Additionally, although the length of delay until Plaintiff received a copy of the SPD is substantial, Plaintiff only made one request to TriNet for the document. Cf. Pagovich v. Moskowitz, 865 F. Supp. 130, 138 (S.D.N.Y. 1994) (awarding penalties where Plaintiff made numerous unanswered requests). See also Campanella v. Mason Tenders' Dist. Council Pension Plan, 299 F. Supp. 2d 274, 293 (S.D.N.Y. 2004), aff'd sub nom. Campanella v. Mason Tender's Dist. Council Pension Plan, 132 F. App'x 855 (2d Cir. 2005).

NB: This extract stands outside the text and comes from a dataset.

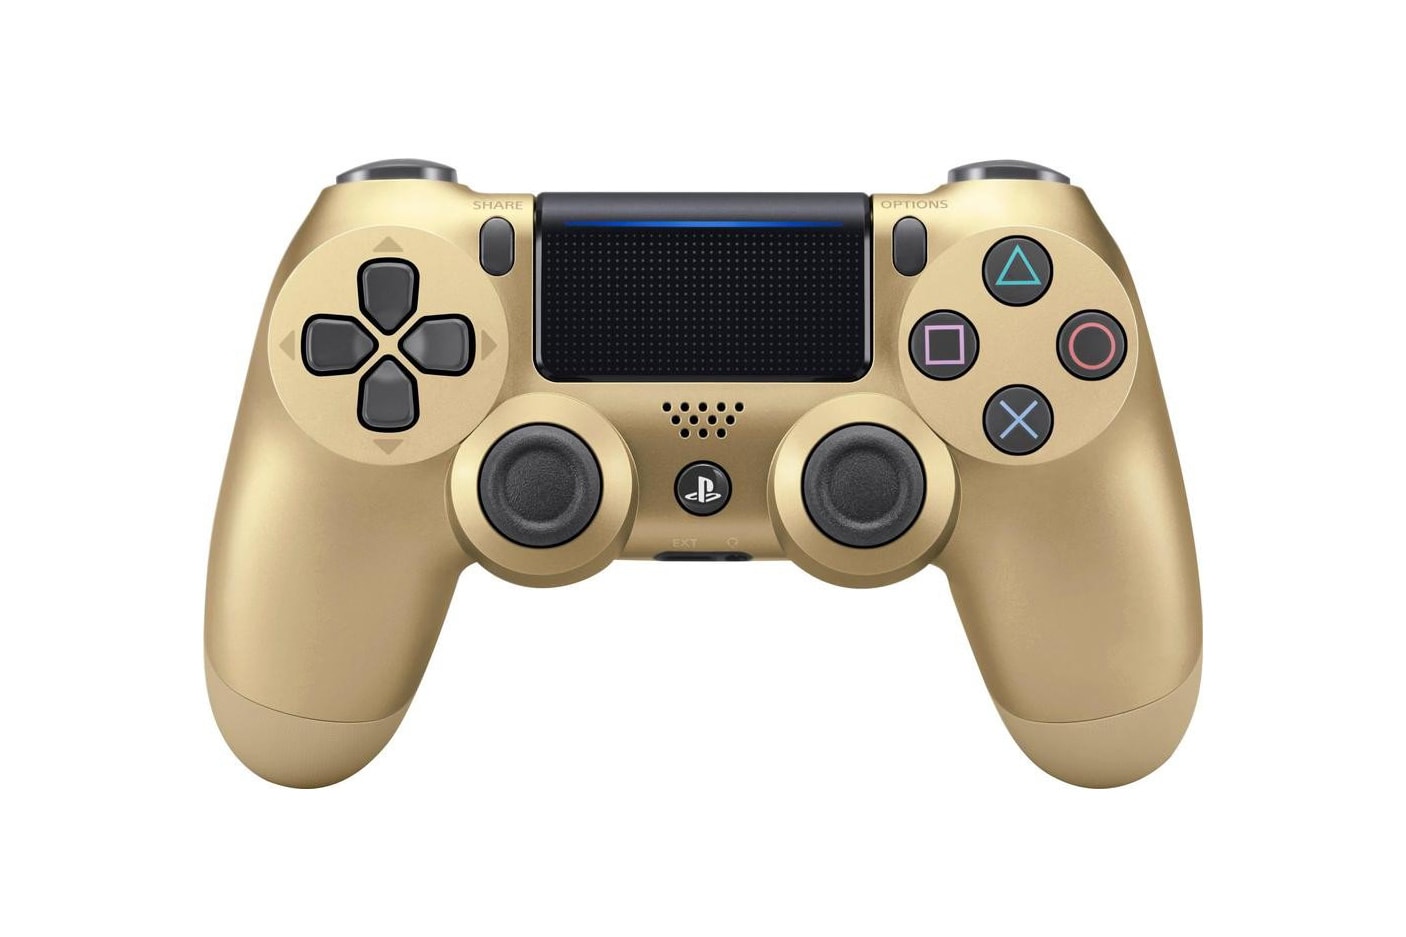 Sony PlayStation 4 Slim Gold Edition

Finally, Plaintiff has not alleged that she suffered any prejudice as a result of TriNet not producing the SPD. In fact, Plaintiff was in possession of the SPD despite her request for a copy and she therefore had all the information that was necessary from the SPD to support her claims. (Complaint, ¶ 17.) See Armstrong v. Liberty Mut. Life Assur. Co. of Boston, 273 F. Supp. 2d 395, 410 (S.D.N.Y. 2003), decision supplemented sub nom. Armstrong v. Liberty Mut. Life Assur. Co, No. 02 CIV. 2450 (CM), 2004 WL 540273 (S.D.N.Y. Feb. 25, 2004) (holding that plaintiff was not prejudiced where plaintiff was already in possession of documents requested).
Accordingly, based on Plaintiff's single request, TriNet's general responsiveness and absence of bad faith, and lack of prejudice to Plaintiff, the Court will not award penalties pursuant to ERISA § 502(c)(1)(B).
CONCLUSION
For the foregoing reasons, the Court GRANTS Defendants' motion for summary judgment on all of Plaintiff's claims and DENIES Plaintiff's motion in its entirety. Accordingly, the Clerk of the Court is respectfully directed to terminate the motions at ECF Nos. 81 and 82 and to enter judgment in favor of Defendants. Dated: July 11, 2016
White Plains, New York
SO ORDERED:
/s/_________
NELSON S. ROMÁN
United States District Judge
Curran v. Aetna Life Ins. Co., No. 13-CV-00289 NSR, 2013 WL 6049121, at *8 (S.D.N.Y. Nov. 15, 2013). Therefore, the Court will not consider the breach of fiduciary argument as a separate claim. The only claim before the Court is whether or not Plaintiff can recover plan benefits. In deciding this issue, the Court must review whether the decision of Defendants with regards to Plaintiff's claim was arbitrary and capricious, and in so deciding, the Court will weigh any conflict of interest that may exist.